Language Implementations

[x] English adapters (3 total)
- [x] SummarizerAdapter
- [x] EntityRecognizerAdapter
- [x] CoreferenceResolverAdapter
[x] Spanish adapters (3 total, 843 lines)
- [x] SummarizerAdapter (241 lines)
- [x] EntityRecognizerAdapter (346 lines)
- [x] CoreferenceResolverAdapter (256 lines)
[x] Spanish implementation validates adapter pattern (45% code reduction)
[ ] Catalan adapters (future)

Example: Adapting Summarizer

Step 1: Current Implementation

defmodule Nasty.Language.English.Summarizer do
  def summarize(%Document{} = doc, opts) do
    # 200 lines of extractive summarization logic
  end
end

Step 2: Create Adapter

defmodule Nasty.Language.English.SummarizerAdapter do
  @behaviour Nasty.Operations.Summarization
  
  alias Nasty.Language.English.Summarizer
  
  @impl true
  def summarize(document, opts) do
    result = Summarizer.summarize(document, opts)
    {:ok, result}
  end
  
  @impl true
  def methods, do: [:extractive, :mmr]
end

Step 3: Update Top-Level API

defmodule Nasty do
  def summarize(text_or_ast, opts) do
    # Use adapter if available
    case get_summarizer_adapter(opts[:language]) do
      {:ok, adapter} -> adapter.summarize(ast, opts)
      {:error, _} -> fallback_to_old_api(ast, opts)
    end
  end
end

Step 4: Extract Generic Algorithm (Future)
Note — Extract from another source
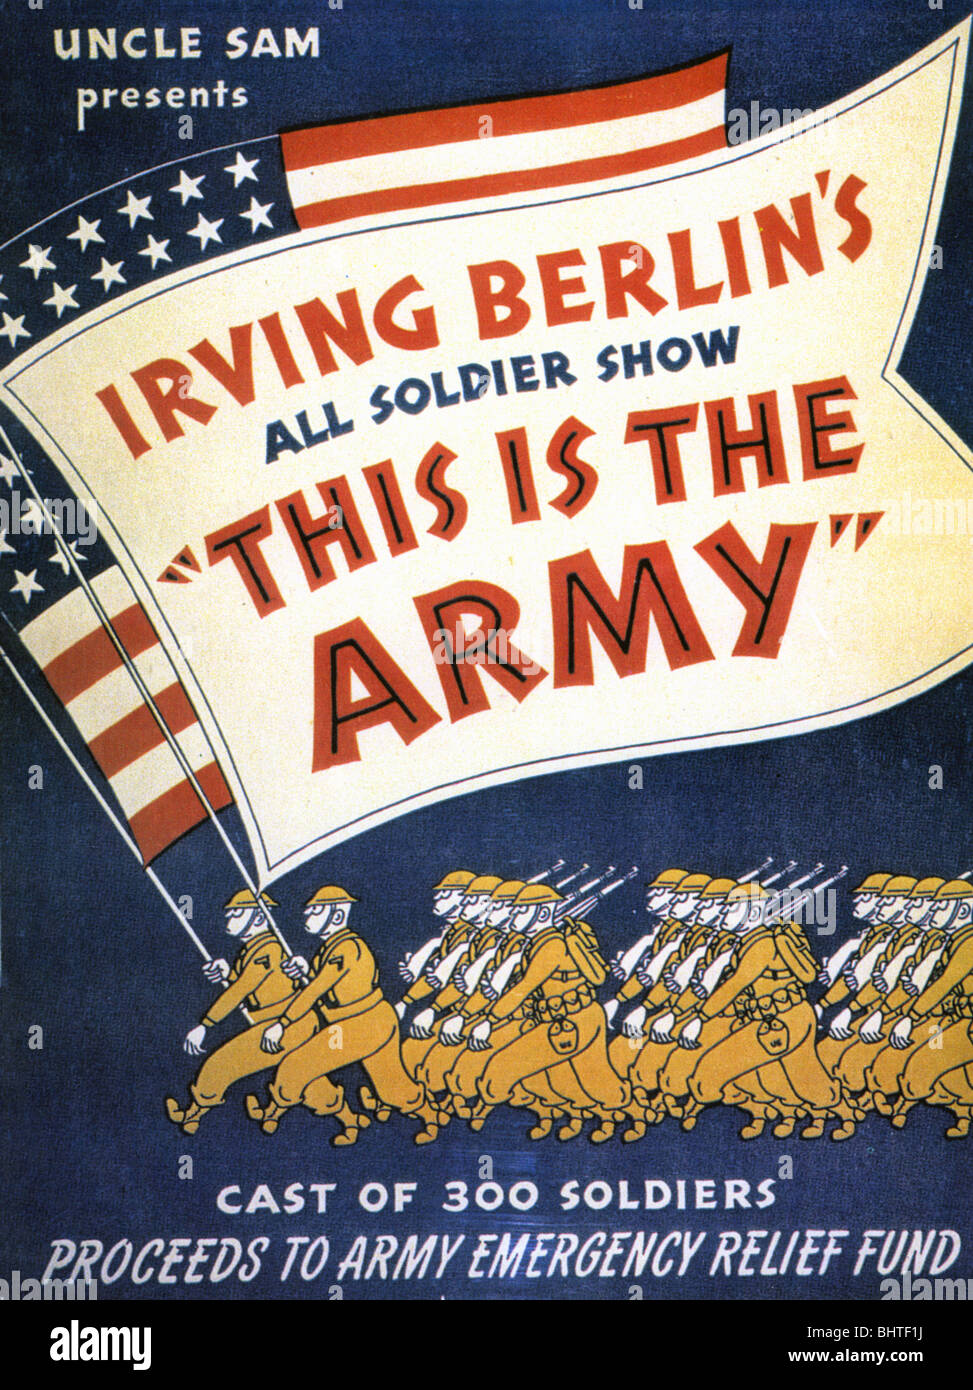 THIS IS THE ARMY - Poster for 1942 Broadway show by Irving Berlin subsequently made into a film Stock Photo

defmodule Nasty.Operations.Summarization.Extractive do
  def summarize(sentences, scoring_fn, opts) do
    # Generic extractive summarization
    # Works for any language with custom scoring_fn
  end
end

defmodule Nasty.Language.English.SummarizerAdapter do
  use Nasty.Operations.Summarization.Extractive
  
  def score_sentence(sentence, context) do
    # English-specific scoring using stop words, etc.
  end
end

Contributing

When adding new NLP features:

Define behaviour first in lib/operations/ or lib/semantic/
Implement for English as an adapter
Extract generic algorithms where possible
Document the behaviour and implementation strategy

Success Story: Spanish Implementation

The Spanish language implementation (2026-01-08) validates the refactoring strategy:

Metrics

3 adapters: 843 total lines providing Spanish-specific configuration
Generic algorithms reused: 677+ lines (Summarization, NER, Coreference)
Code reduction: 45% through delegation to generic implementations
Time to implement: ~1 week for complete pipeline
Test coverage: 641 tests passing (9 Spanish-specific)

Adapter Implementation

Spanish Summarizer Adapter (241 lines):

5 categories of discourse markers (conclusion, emphasis, causal, contrast, addition)
100+ Spanish stop words
Punctuation patterns
Delegates all scoring and selection to Operations.Summarization.Extractive (440 lines)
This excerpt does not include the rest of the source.